1 Ekim 2010 Cuma

Bir cuma daha gecti...

Ah blog! Nasil desem, boyle her sey yolunda gibi. Ev duzenimi kurdum, mutluyum. Okul duzenimi kurdum gibi, mutluyum. Sosyal hayatim da olmasi gerektigi kadar hareketli. Her sey, soyle genelden bakinca, %85 oraninda duzenli ve bu durum beni mutlu ediyor. Biraz huzur dolu oluyorum bu sekilde.

Kotu dusunmek istemiyorum; ama bir suredir yasadigim bu mutluluk, sanki ilerde olacak koca bir felaketin hazirligiymis gibime geliyor. Bu durum da beni korkutuyor...

Su siralar boyle tekrar internete yapisma durumum oldu. Kitap okumadigimi farkettim, yazin okudugum gibi. Bunu okulun ilk haftalari, alisma sureci, evi duzenleme sureci vb. sorunlar yuzunden oldugunu dusunuyorum. Yarin, yani haftasonu, ile birlikte tam duzene oturacagini dusunuyorum her seyin. Bu konuda inancim mevcut, evet.

Nelerden bahsetsem diye dusunur oldum su anda bile.

The Big C isimli bir diziye baslamistim bir sure once ve takip ettigim kadariyla guzel gidiyor. Dizideki basrolde oynayan bayanin sahip oldugu kanser hastaligi ve son zamanlarini ailesiyle gecirmesi; bunlarin komik yanlarinin gosterilmesi dizide ele alinan olgulardir. Ve gayet de guzel, hos bir dizi olarak benim bilgisayarimdan izlenmektedir sahsim olarak. Bu diziye ek olarak yeni sezon acilisi yapan Supernatural, Dexter, Fringe dizilerini de takip ediyorum. Tabi bir de Haven var! Bugun de yeni bir dizi ekledim, pek takip edecegimi sanmiyorum; ama oylesine bir deneyeyim dedim. Ismi ise Unnatural History.

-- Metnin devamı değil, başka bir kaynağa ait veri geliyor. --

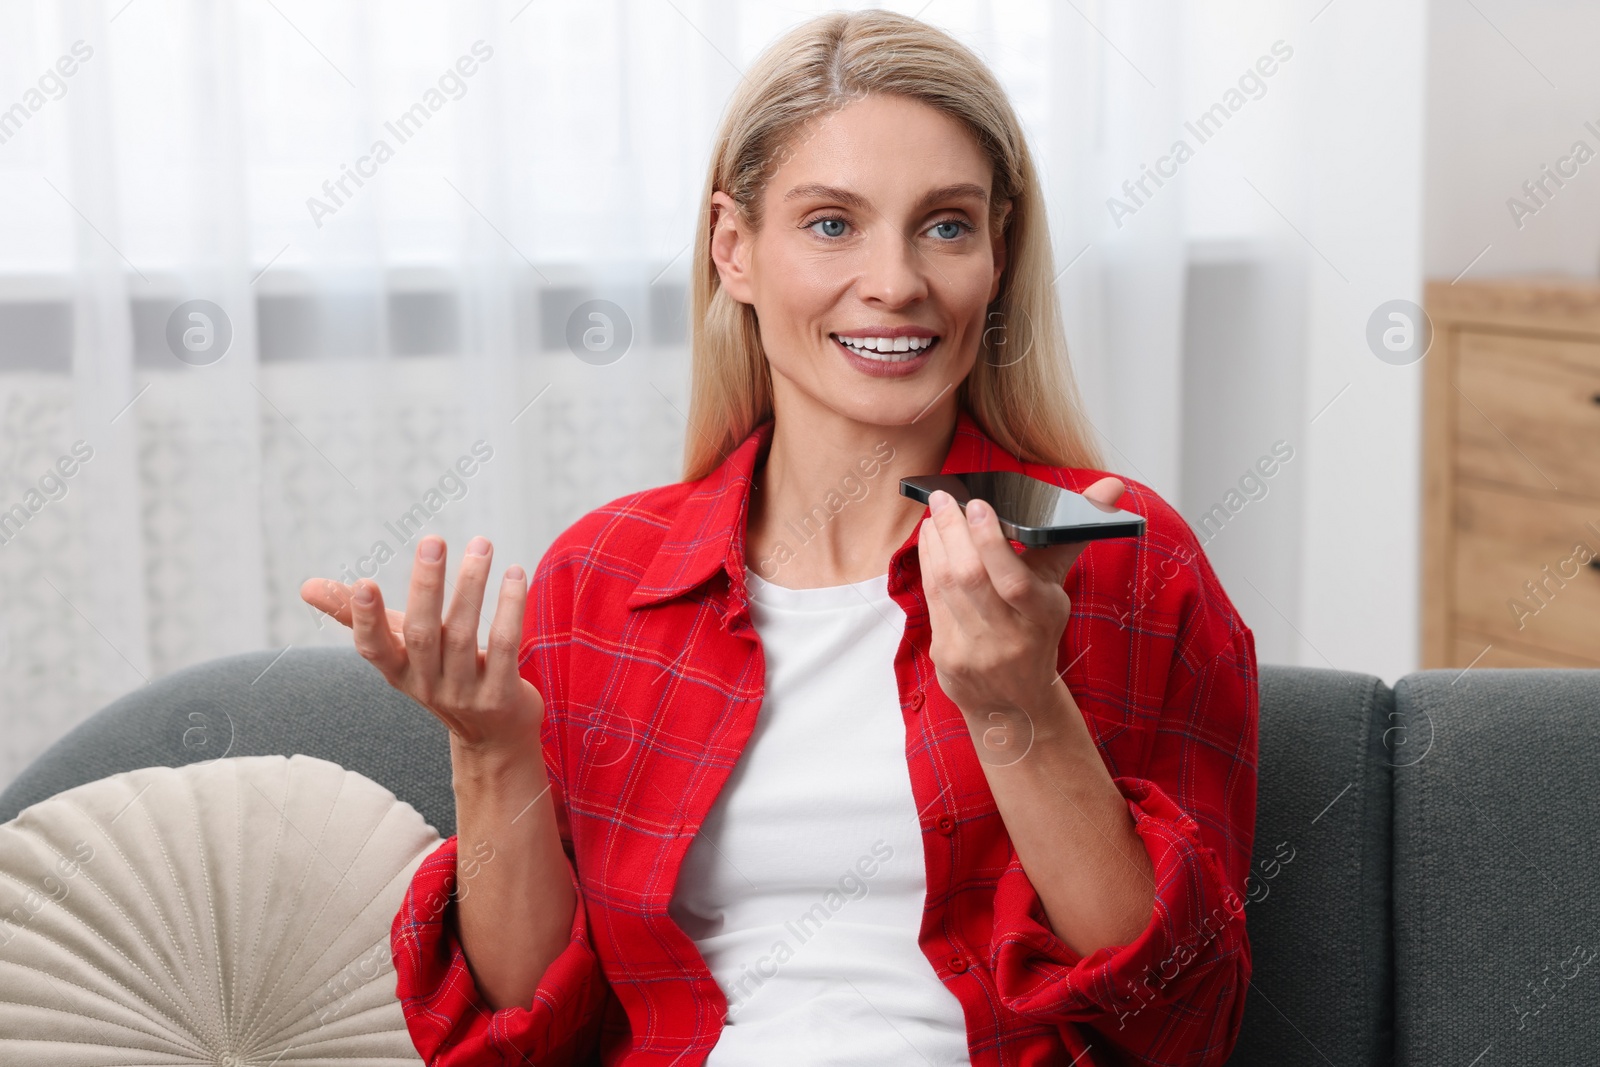 Photo of Woman recording voice message via smartphone on couch at home

Kitaplarim beni bekliyorlar okunmak icin. Birazdan guzel bir program yapmayi dusunuyorum, gunluk yasantim, beslenmem ve okul yasantim icin.

Bazi seylerden vazgecer oldum su siralar; gozumu korkutan maddiyata bagli seyler, bazi durumlardan vazgecmeme yeteri kadar engel oluyor. Her sefer vardir bir hayir diyorum, tabi nereye kadar diyebilirim, bilmiyorum... Yine de huzurlu olmaya calisiyorum, sinirlerimi bozmamaya calisiyorum, kendi icimde, her ne kadar kaldigim yerde yalniz olamasam da, yalniz yasamaya calisiyorum. Boyle sanirim biraz daha huzurlu oluyorum. Demistim zaten, kuru kalabalik beni uzmekten baska bir sey yapmiyor.

Gelecekle ilgili planlar kuramiyorum blog. Yuksek lisans desem, bir ayri dert; yurt disina bir sekilde cikmaya calisayim desem bir ayri dert. Istek, inanc oldugu surece basarilir diye bir rivayet var. Ne yazik ki ucuncu etken olarak da para giriyor ise...

Genel olarak sakin olmakta fayda var. Sessizlik felan. Bunlar guzel seyler olabiliyor su siralar...

Su programimi yapsam iyi olur. Ekim ayina da girdik seninle blog. Hani diyorum, bu sefer seni silmedim bak, ikinci yilimizi dolduruyoruz uc ay sonra. Tesekkur ederim, hala bana inandigin icin. Sen de olmasan.